As for who would front a "no" campaign, you'd need an old red or two (perhaps someone from fitba' - Sir Alec Ferguson, maybe? Not beyond the realms of possibility; or maybe Craig Brown; or otherwise, possibly Brown, who's less unpopular north of the border than south) for the central belt, and Charlie Kennedy to cover the Highlands & Islands (where he remains hugely popular).
the Tories have always struggled in Scotland to get seats, whereas there are large tracts of Labour safes.
Point of order: until the end of the 1950s, vast swathes of Scotland - including most of the Borders, Edinburgh, Fife, Perthshire, Aberdeenshire and the Highlands - voted Tory. Scotland was as Tory as it was Labour. At the time, the only truly safe Labour seats were in Glasgow and the west of the Central Belt. Indeed, as recently as 1955, Scotland returned more Tory MPs (36) than Labour MPs (34).

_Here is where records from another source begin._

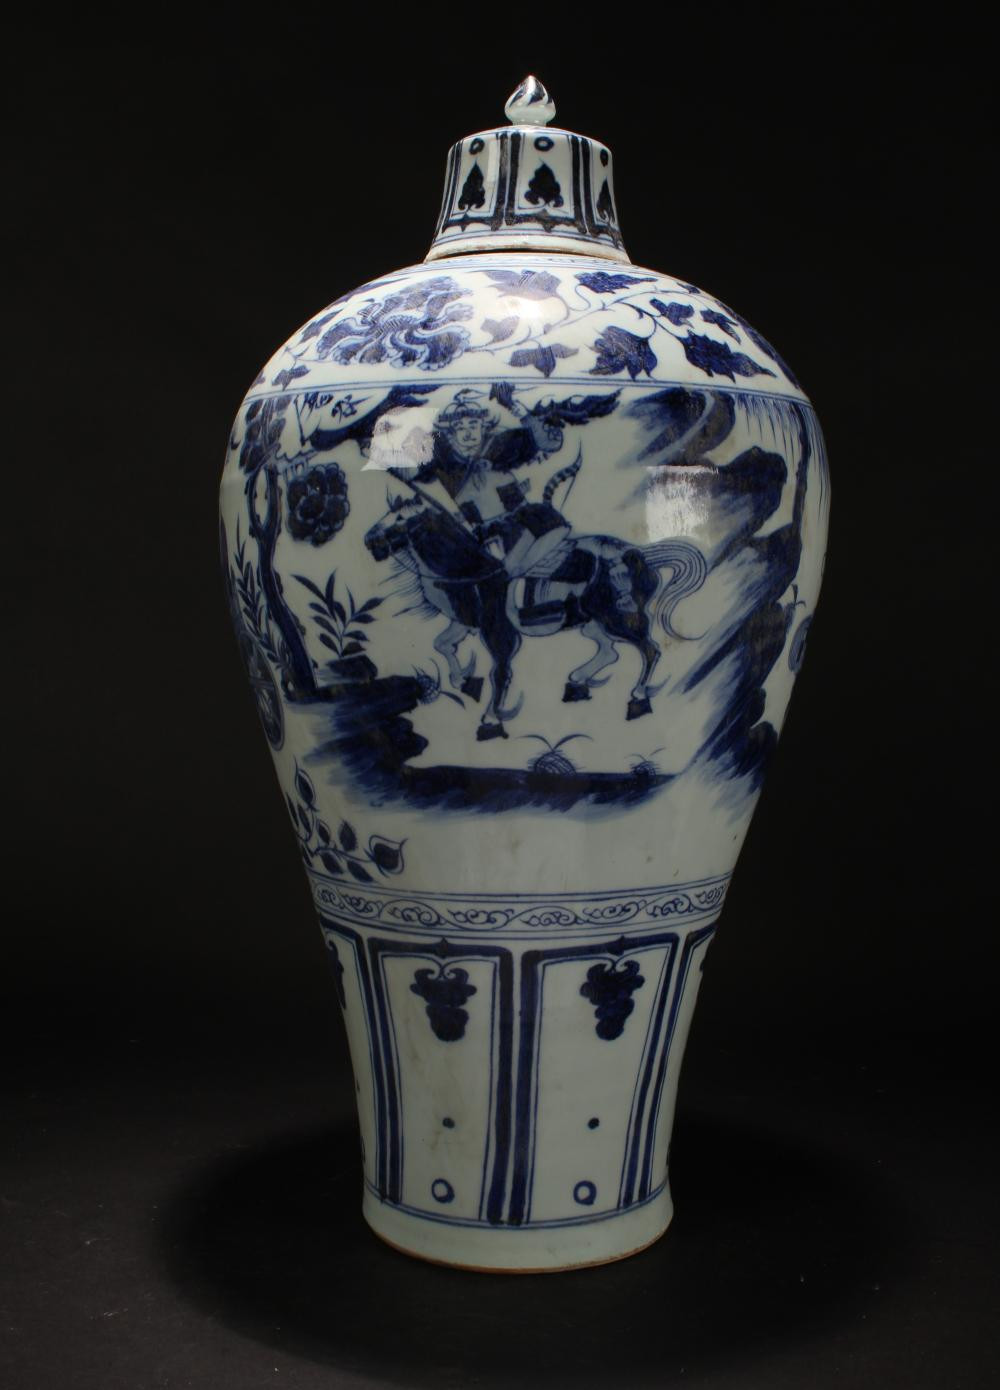 20 Wonderful White Cinnabar Vase 2024 free download white cinnabar vase of chinese porcelain vases for sale at online auction modern in a chinese story telling blue and white porcelain vase display
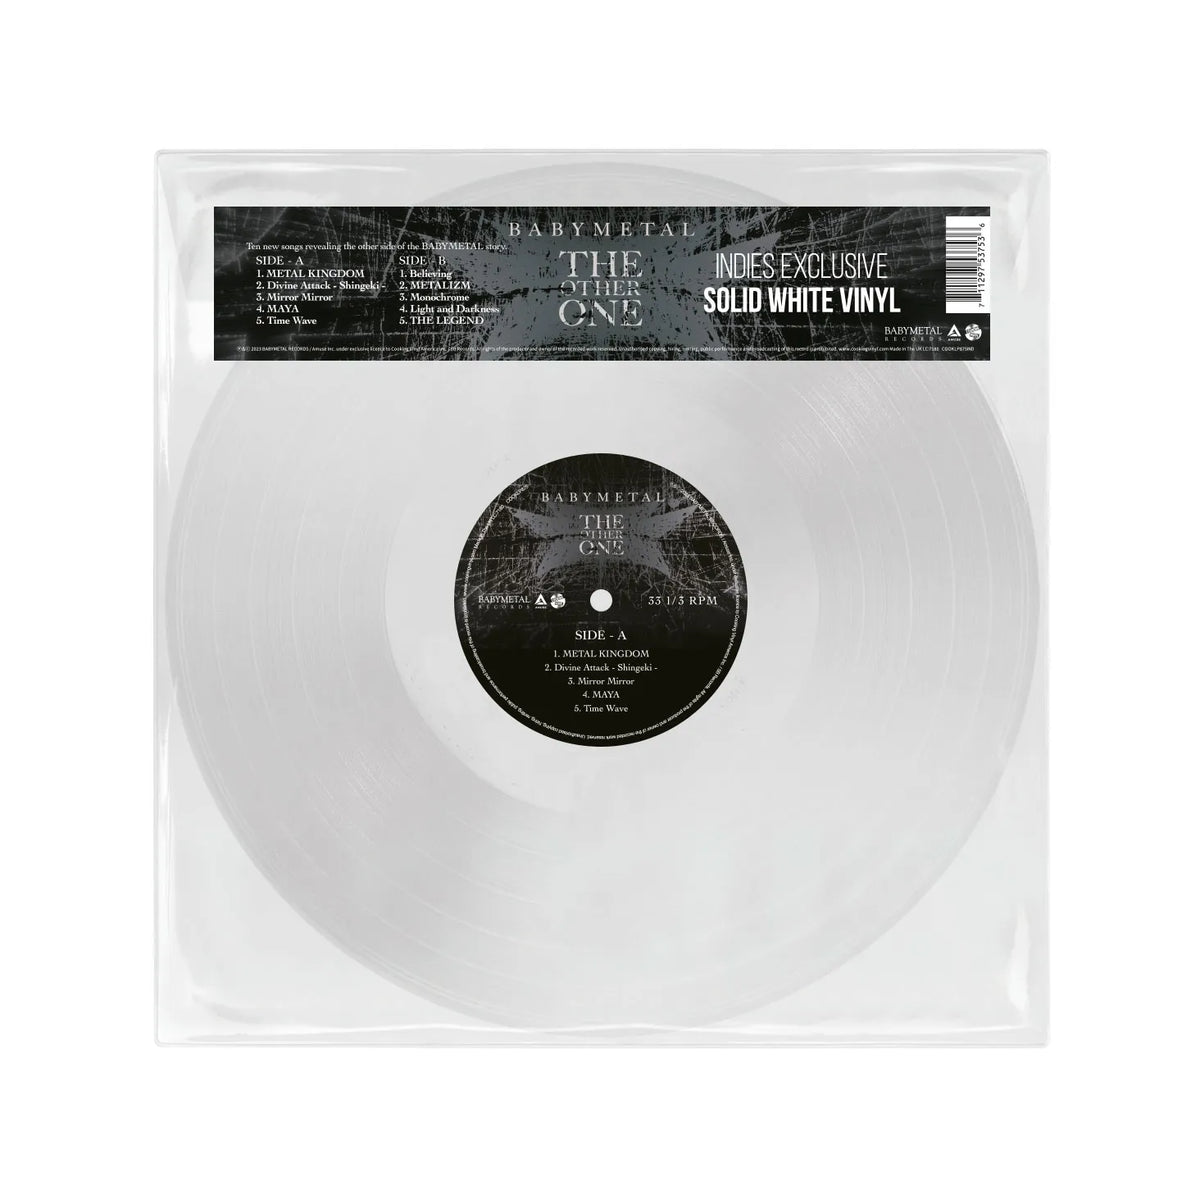 Babymetal - The Other One LP (Indie Exclusive White Vinyl)
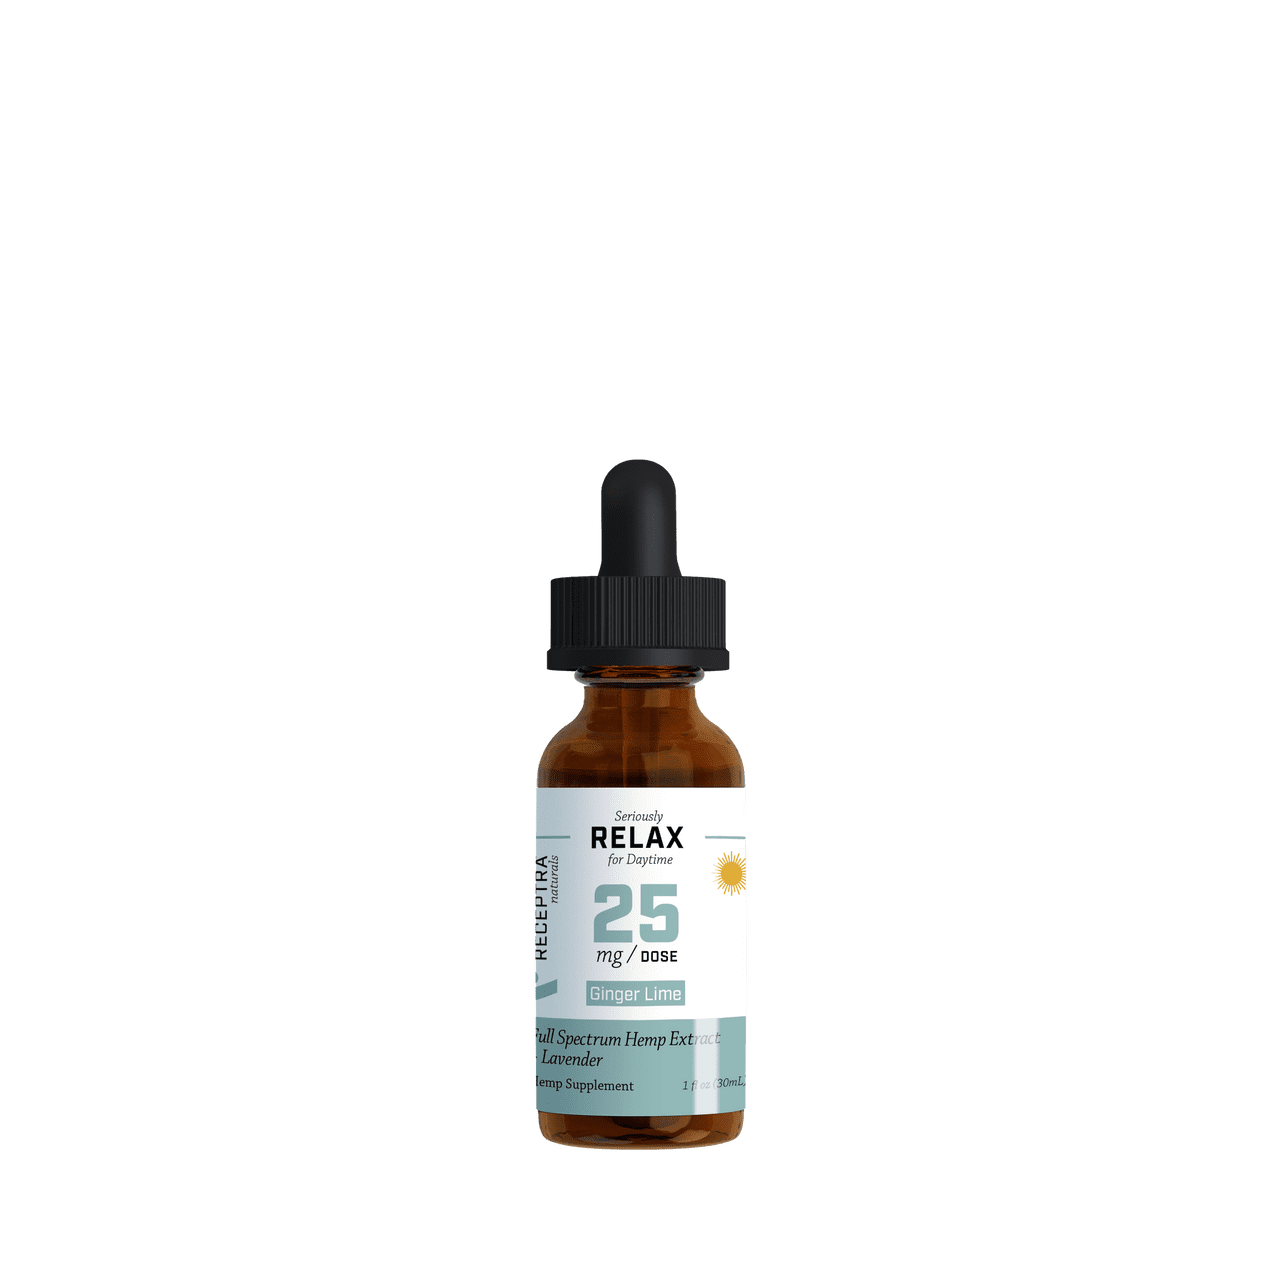 Seriously Relax + Lavender Tincture 25mg /dose logo

That changed gradually between the beginning of the 1960s and the 1980s, and then seismically post-Thatcher. It's Thatcher who did for the Tory party in Scotland; Thatcher is practically a swear-word up there. Thatcher is blamed for the closing down of the steel, coal and shipbuilding industries - the heart of Scottish manufacturing and engineering. After the 1983 general election, there were 21 Scottish Tory MPs. After the 1987 election, there were 10. Blair then killed them off - famously, the Tories were wiped off the Scottish map in 1997. They still only have one Tory MP up there now (in Dumfriesshire).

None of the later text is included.